2. The pressure amplifier according to claim 1, wherein the low
pressure wing is located between a pair of two low pressure
chambers and the high pressure wing is located between a pair of
two high pressure chambers.
3. The pressure amplifier according to claim 1, wherein the rotor
comprises at least two low pressure wings arranged in a
corresponding number of pairs of low pressure chambers and at least
two high pressure wings arranged in a corresponding number of pairs
of high pressure chambers.
4. The pressure amplifier according to claim 3, wherein in
circumferential direction a low pressure wing is followed by a high
pressure wing and a high pressure wing is followed by a low
pressure wing.
5. The pressure amplifier according to claim 3, wherein the low
pressure wings are arranged symmetrically to each other and/or the
high pressure wings are arranged symmetrically to each other.

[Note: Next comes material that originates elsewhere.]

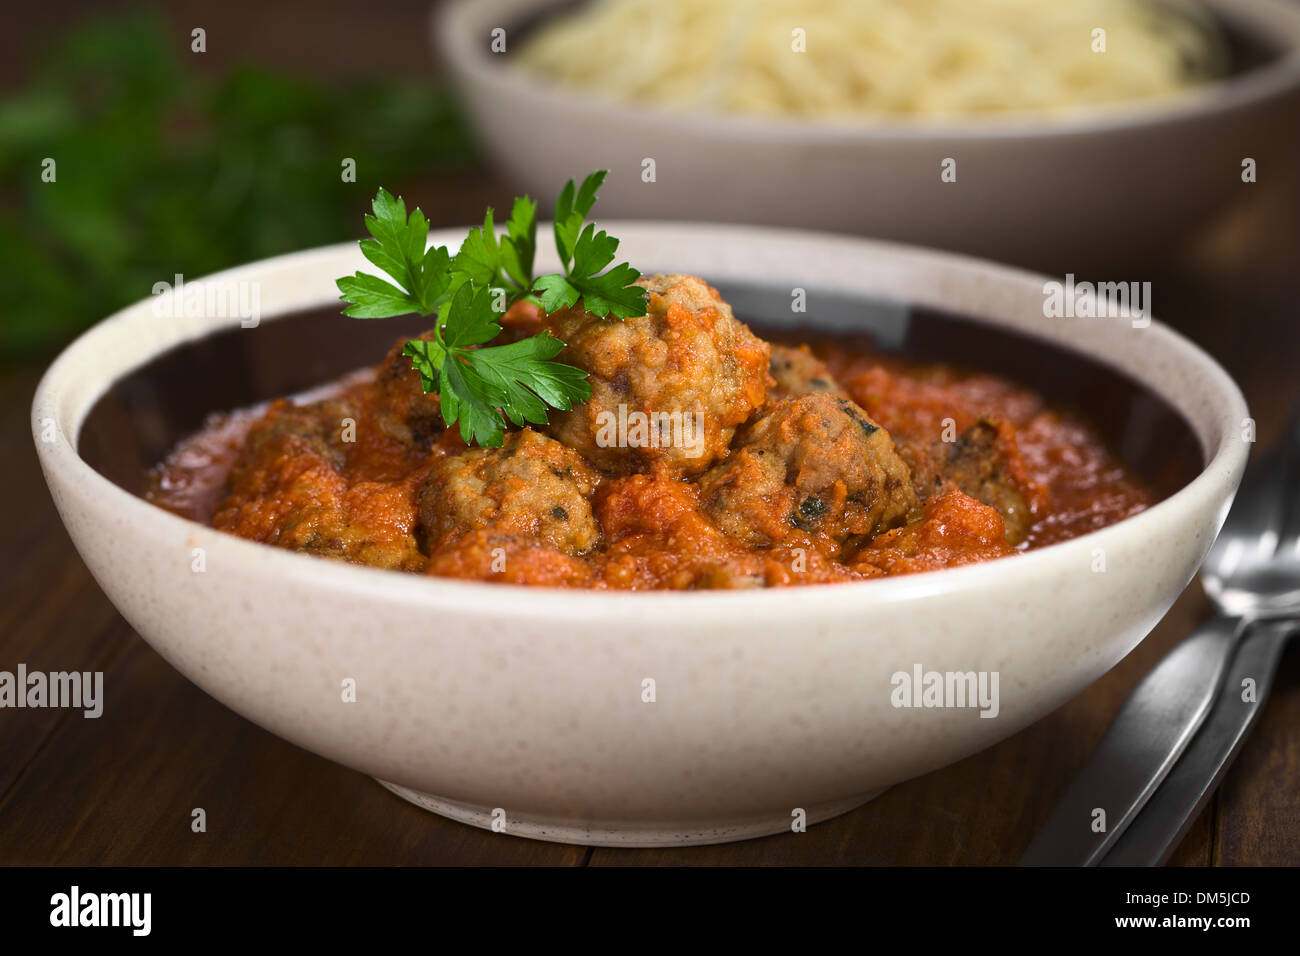 Spanish albondigas (meatballs) in tomato sauce in bowl garnished with parsley Stock Photo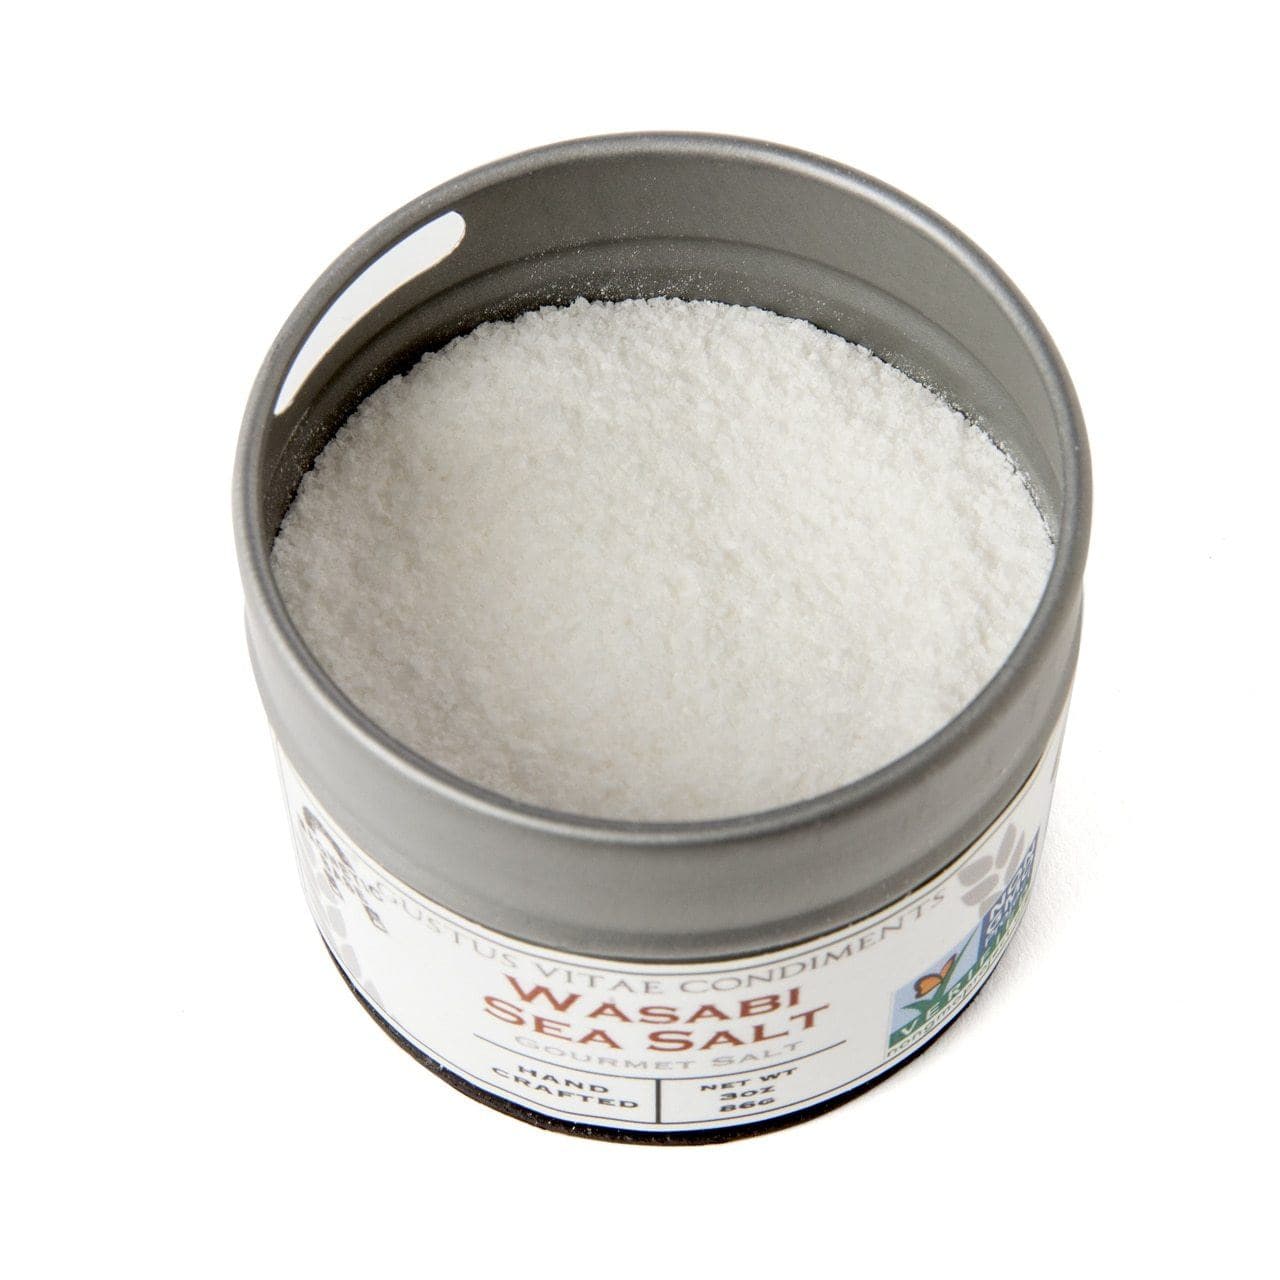 Gift-Spicy Sea Salts I 6pc.

6. The pressure amplifier according to claim 3, wherein the pairs
of low pressure chambers are arranged symmetrically to each other
and/or the pairs of high pressure chambers are arranged
symmetrically to each other.
7. The pressure amplifier according to claim 1, wherein the low
pressure wing has a larger pressure area than the high pressure
wing.
8. The pressure amplifier according to claim 7, wherein the low
pressure wing has a first radial length and the high pressure wing
has a second radial length, wherein the first radial length is
larger than the second radial length.
9. The pressure amplifier according to claim 7, wherein the low
pressure wing has a first axial length and the high pressure wing
has a second axial length, wherein the first axial length is larger
than the second axial length.
10. The pressure amplifier according to claim 1, wherein the low
pressure wing and/or the high pressure wing are in form of
rollers.
11. The pressure amplifier according to claim 10, wherein the
rollers are rotatably supported in the rotor.
12. The pressure amplifier according to claim 2, wherein a pressure
controlled switching valve is provided controlling the supply of
fluid to one low pressure chamber of the pair of low pressure
chambers, wherein the rotor comprises at least a connection channel
which in a first rotary end position of the rotor connects a
control port of the switching valve with a first pressure and in a
second rotary end position of the rotor connects the control port
of the switching valve with a second pressure, wherein the first
pressure is higher than the second pressure.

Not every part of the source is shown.